Expectations will always ruin relationships. Always. Unless, of course, you expect your spouse to fail you daily. Then you are living reasonably.  

When the wedding is over, then comes the marriage 

Hey! Guess what?! Marriage isn't about that three hour wedding that took an entire year and $50,000 to plan. I'm so tired of seeing so many people live and plan and feverishly spend, spend, spend money, time, and energy on the wedding day and then pay no mind to the marriage that inevitably follows. 

Christians have fallen into that "wedding" trap just as bad if not worse than non-Christians. It's embarrassing and it's probably a contributing factor as to why the Christian divorce rate is no different than the worldly divorce rate. 

Stop investing so much into the wedding and invest into your marriage.  

It's absolute JOY to witness and support a marriage that YOU KNOW will go the distance. The first time I met my future sister-in-law this past November, I just knew. I knew she was perfect for my brother and I knew when their wedding came upon us, that we would be so beyond thrilled to be apart of it. The same goes for my sister and her marriage almost seven years ago. Same excitement. Several friends of mine have been married and you can't help but just praise the Lord for the ones that you just know are God's plan. Marriage, orchestrated by God, is a blessing!! 

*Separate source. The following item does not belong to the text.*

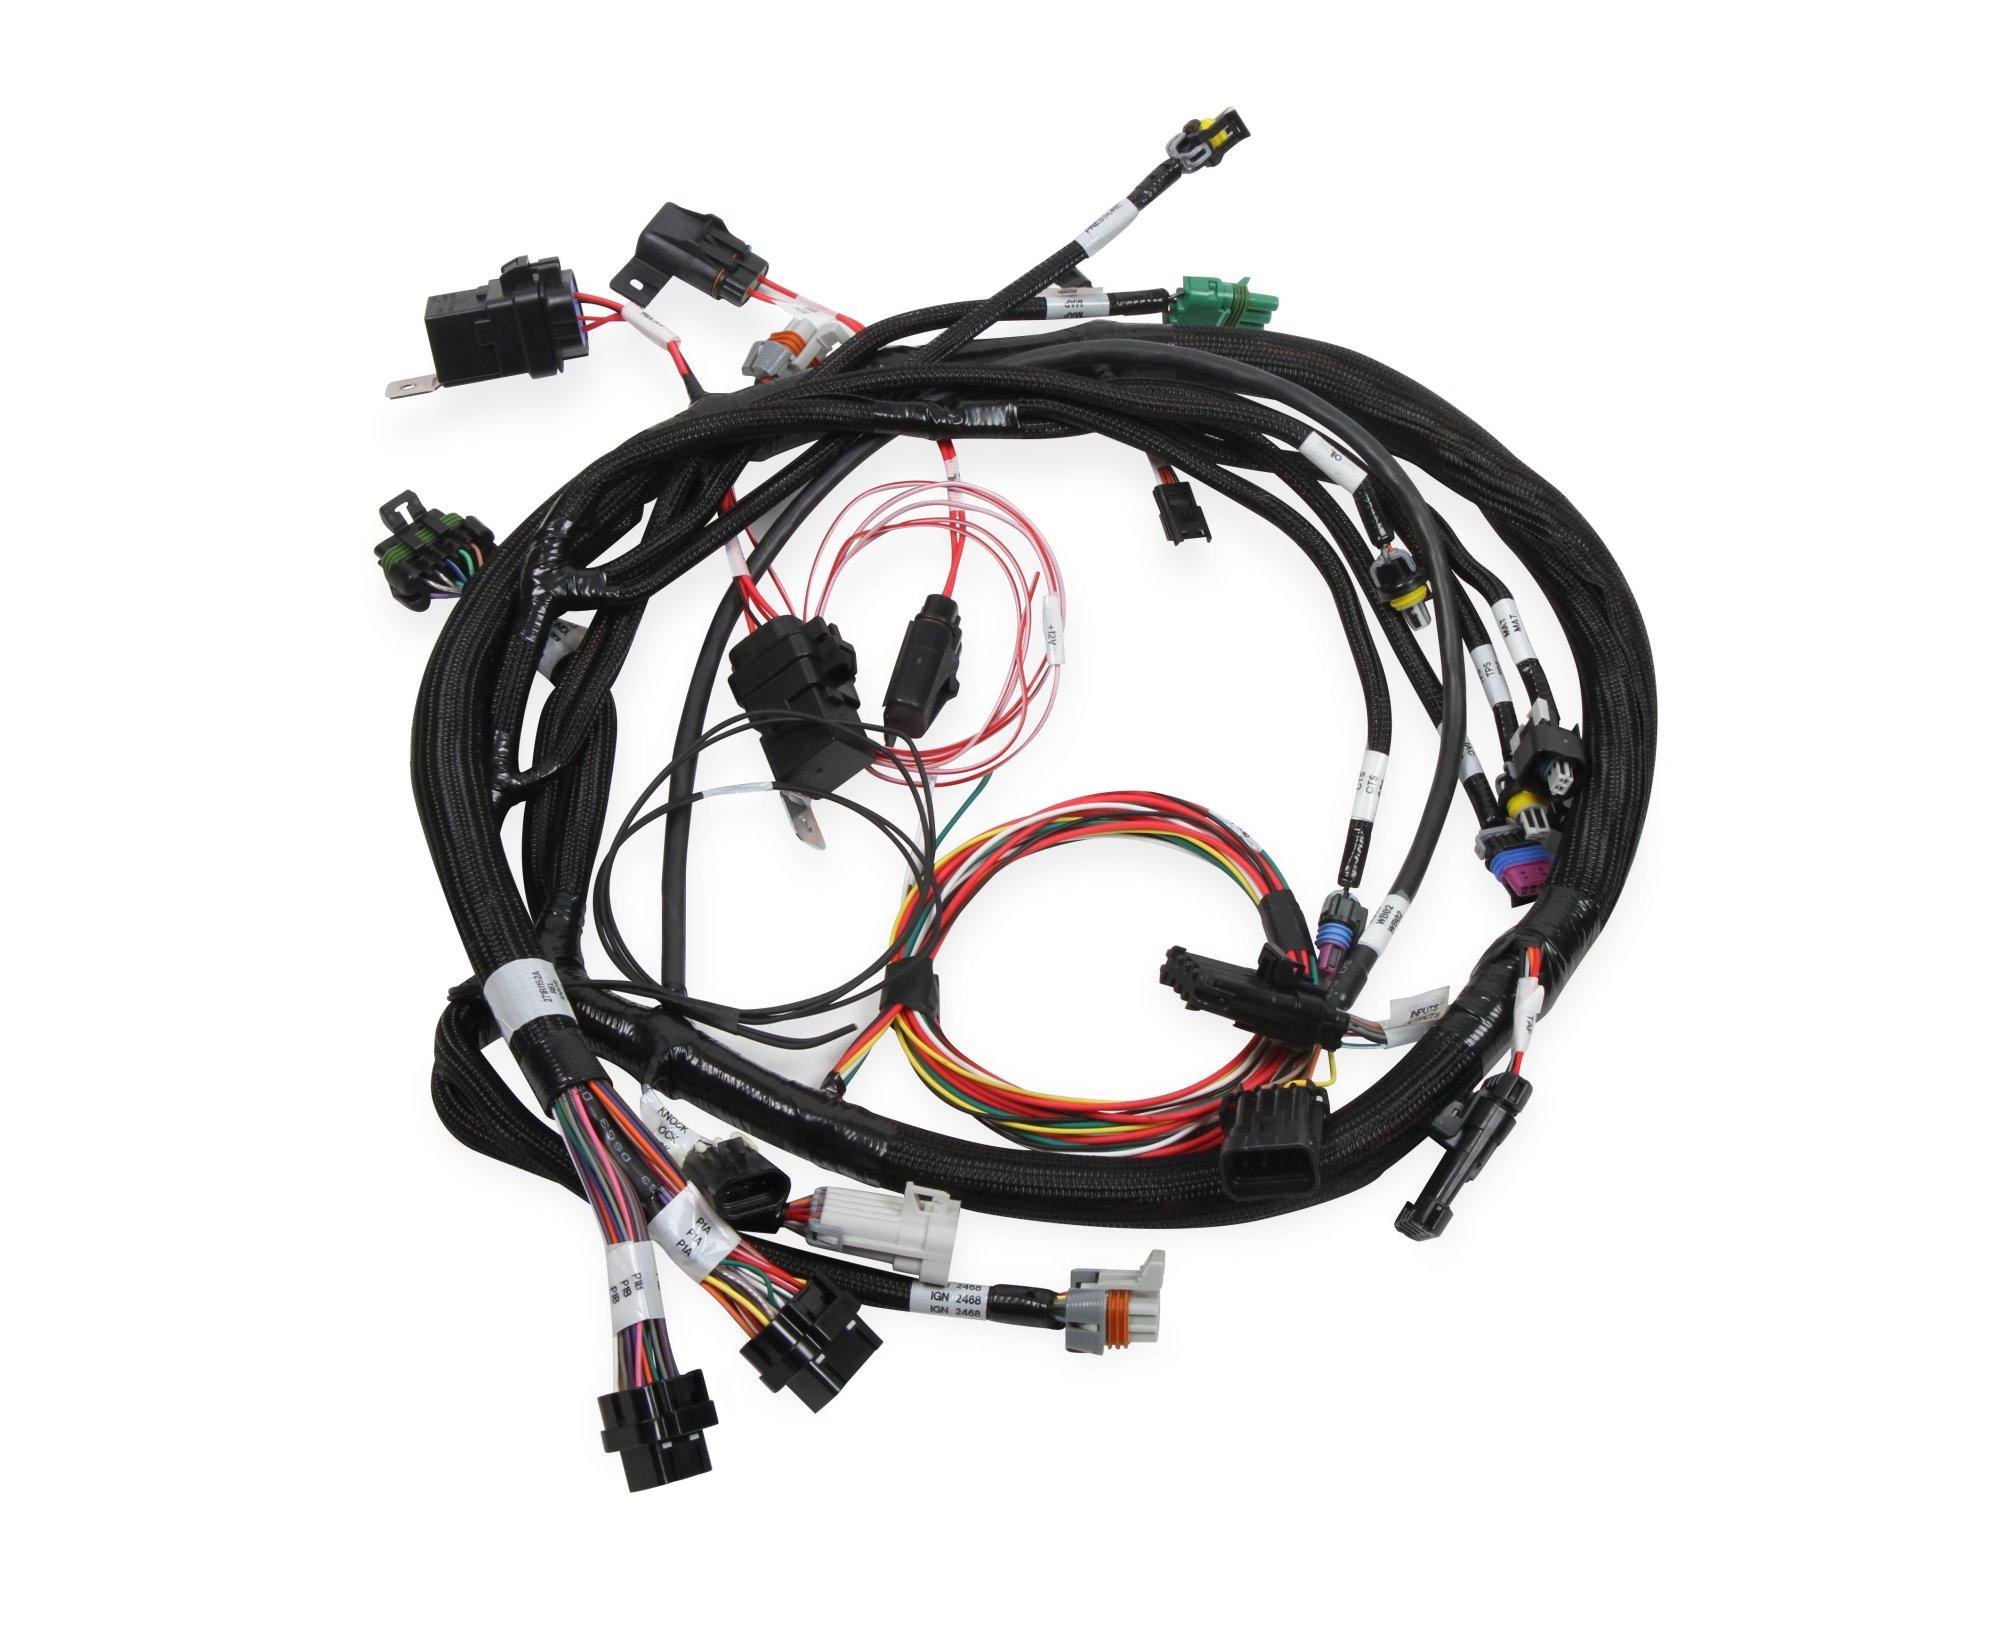 hight resolution of 558 117 universal mpfi coil on plug main harness image

God designed marriage, so He calls the shots   

This won't be a debate about who and how we should marry. I trust the Author of marriage. He designed it. He gave us very strict guidelines for marriage, our bodies, and how we should live our lives. The world shouldn't be expected to follow those guidelines. They are lost for a reason. They're confused. They set their own definitions, expectations, and guidelines.

But, Christian, we must stand up for and proclaim God's Word about God's will for marriage. There is a reason why He gave us so much information about marriage, because His design is perfect and good for our lives and for the survival of the human race.  

When marriages fail, we fail. When marriage is valued about as much as a cracker jack prize, then society falters. We are seeing the effects of decades of divorce being the "norm" in our culture. The world doesn't value, nor sees the importance of God's design in marriage anymore. This should make us weep.  

I intend to keep fighting for marriage. Ten years in, and I'm wholly better because of my marriage. It's my greatest joy and my greatest sorrow. It fills me with hope, love, and peace and exposes my faults, shortcomings, and selfishness.  

To the world, I say, stop cheapening marriage. Understand that settling for a McDonald's kind of love life means you're missing out on the "fresh homecooked meal with a massive plate of warm chocolate chip cookies" love. It takes more work, and a lot more effort and ingredients to serve up the latter, but boy does it ever beat a drive-thru love you're convinced is more delicious than the meal I eat everyday. And to that I say, "you can have your Big Mac, these cookies won't stay warm forever".